2/General advice on feeding a pregnant woman month by month and how to follow a healthy diet:

1_Nutrition in the first trimester of pregnancy:

Pregnancy diet chart month by month
The first trimester of pregnancy

 In most cases, weight does not increase during the first three months of pregnancy, and your diet during this period should be a variety of "fruits, vegetables, proteins, starches, and dairy products." As for the symptoms that may appear during these months, they are represented in fatigue, vomiting, and loss of appetite, but you can overcome them by following these steps: Divide your daily meals into 4 or 5 snacks. Make sure to eat easy-to-digest and low-fat foods such as toast, fruits and vegetables, low-fat meat, chicken and fish, and milk and dairy products as well. The fluids that your body loses during vomiting must be replaced by adequate amounts of water and fresh juices.

 2_Feeding a pregnant woman from the fourth to the seventh month:

Pregnancy diet chart month by month
a pregnant woman in the seventh month.


 In the fourth month of pregnancy, some things change, such as continuous vomiting and loss of appetite, so that the pregnant woman begins to regain her appetite, and therefore, the appropriate foods must be chosen for this period, as we mentioned previously. At the beginning of the seventh month, other changes will begin, such as an increase in the size of the fetus, and from here the psychological preparations for childbirth begin. During this stage, you should pay attention to your diet, because it is the only one responsible for reducing the feeling of heartburn, bloating, and constipation as a result of the increase in the size of the fetus.
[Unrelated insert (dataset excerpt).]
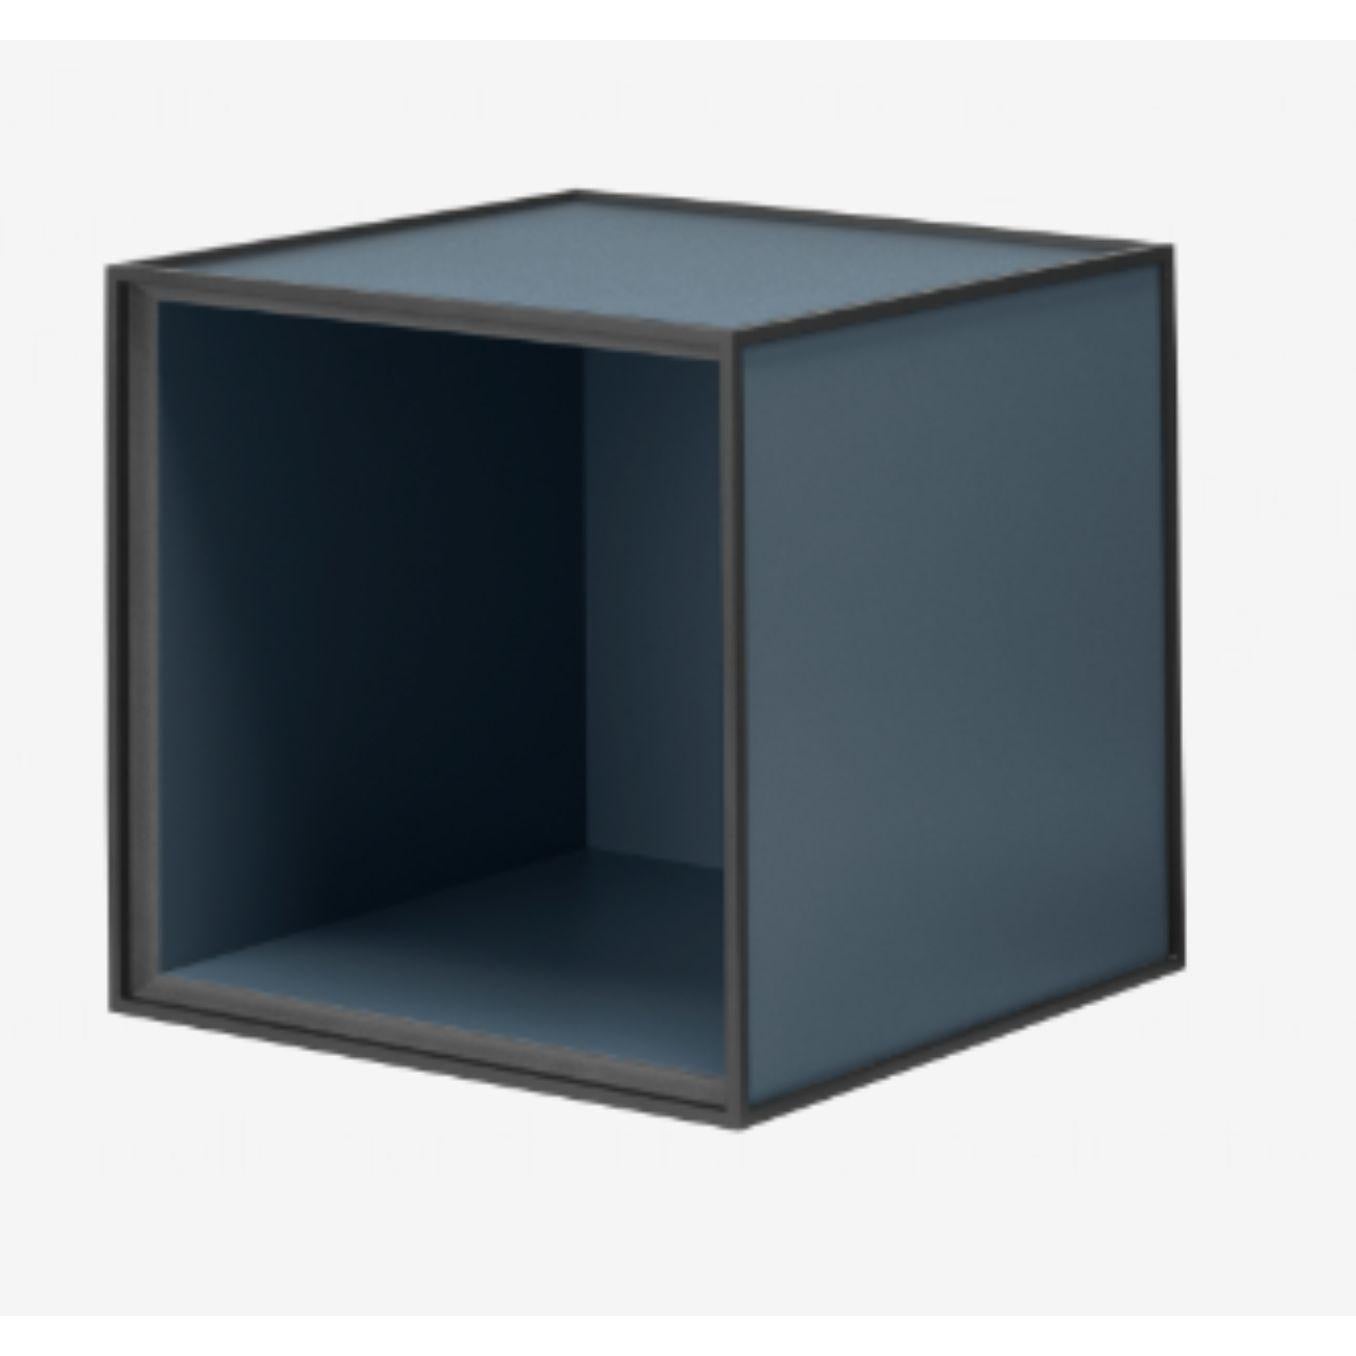 Other 28 Black Ash Frame Box by Lassen For Sale

Thus, you can follow the following system :

The breakfast:

  • a glass of milk.
  • A piece of whole wheat bread.
  • eggs.
  • fruit fruit.
  • A piece of low-fat cheese.
  • Vegetables as desired.

 The lunch:

  • Sliced ​​chicken, fish, or grilled meat, you can also replace the meat with a plate of legumes such as beans or chickpeas.
  • plate of salad
  •  A type of starchy bread, rice, or pasta.

 Dinner:

  •  A cup of yogurt.
  • Two fruits, a glass of milk with 3 dates, a cheese sandwich, or a plate of lentil soup.
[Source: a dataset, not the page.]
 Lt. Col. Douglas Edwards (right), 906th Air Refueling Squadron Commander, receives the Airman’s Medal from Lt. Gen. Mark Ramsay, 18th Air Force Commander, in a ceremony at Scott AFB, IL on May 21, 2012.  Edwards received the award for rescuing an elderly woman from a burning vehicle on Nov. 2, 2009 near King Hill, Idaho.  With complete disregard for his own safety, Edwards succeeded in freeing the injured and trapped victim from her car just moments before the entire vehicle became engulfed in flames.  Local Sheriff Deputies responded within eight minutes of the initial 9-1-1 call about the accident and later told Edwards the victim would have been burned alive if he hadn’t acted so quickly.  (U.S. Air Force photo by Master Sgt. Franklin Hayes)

 Snacks: For snacks, you can eat throughout the day, such as fruits, nuts, and vegetables, and it is better to stay away from fast food.
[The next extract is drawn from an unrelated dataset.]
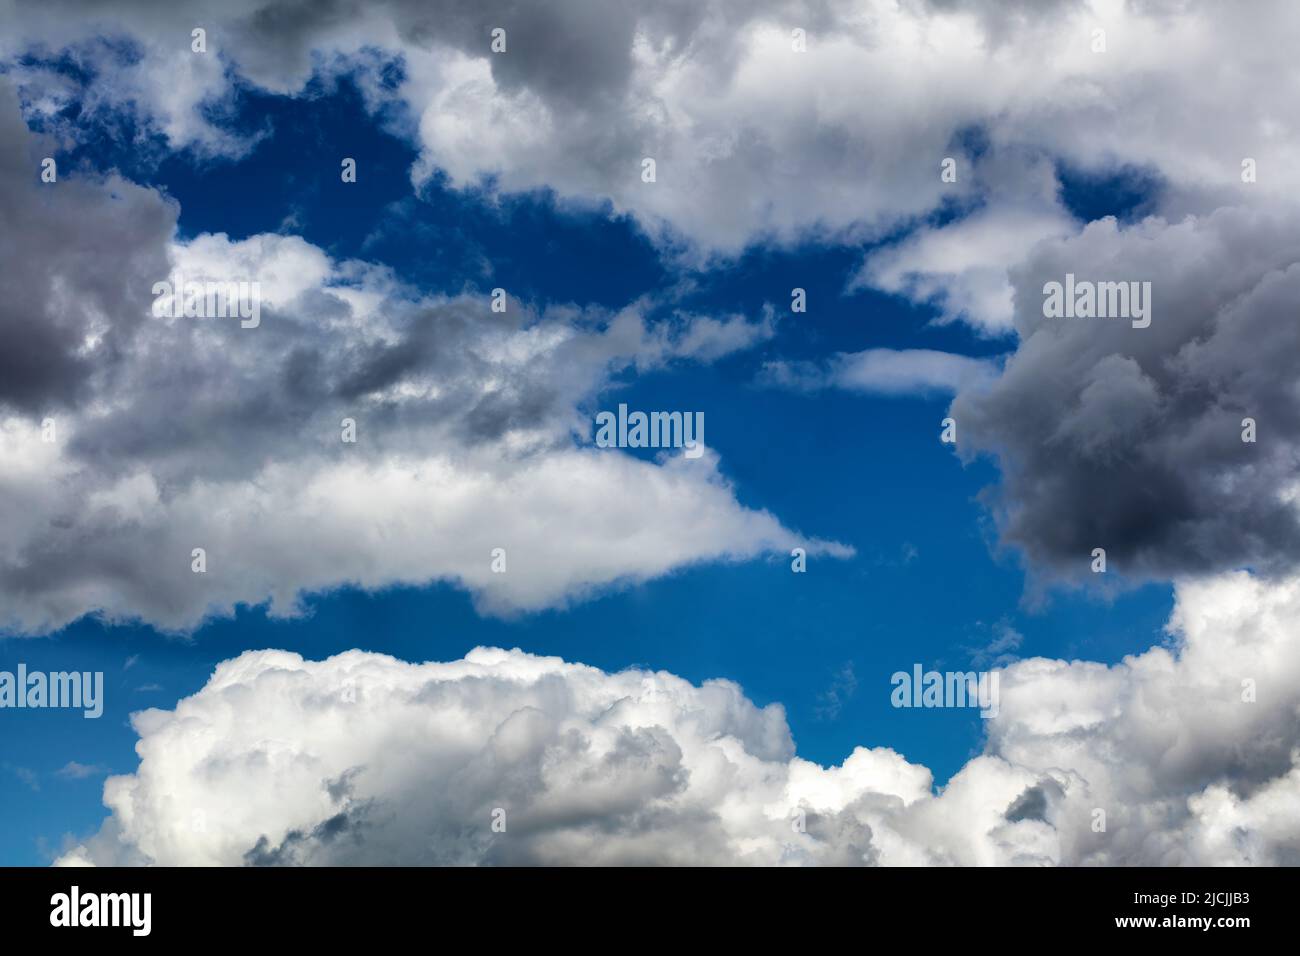 Rolling ominous clouds with pending storm coming Stock Photo

 3_8 Snack Ideas for Pregnant Pregnant Feeding Tips in the Final Months:

Pregnancy diet chart month by month
The last months of pregnancy


Of course, when reaching the last months of pregnancy, a pregnant woman must take care of proper and healthy nutrition, in order to alleviate the symptoms of pregnancy and false birth colic, and also to ensure breastfeeding after childbirth.

  • Plenty of calcium sources, such as milk and its derivatives, maintain the health of your bones and form the milk needed to breastfeed your child.
  • Reduce as much as possible from fatty and fried foods to avoid any weight gain
  • Make sure to drink plenty of fluids and on the other hand reduce the sources of sodium that we find in salt, canned foods, sauces, and pickles, in order to get rid of the feeling of bloating.
  •  To avoid constipation during pregnancy, you should eat more fiber.
  • Divide food into light meals throughout the day to avoid feeling bloated.
  • Avoid fatty and fried foods that may cause heartburn, in addition to prenatal anemia.
  •  Eat meat and chicken, and iron-rich foods such as lentils and other legumes, as well as leafy vegetables such as spinach, and eat lemons, oranges, and green peppers, which are sources of vitamin C.
  • And finally, stay away from all the anti-stress and inconvenience. You can also practice yoga and relaxation exercises. This will help you a lot to give birth naturally and without mothers.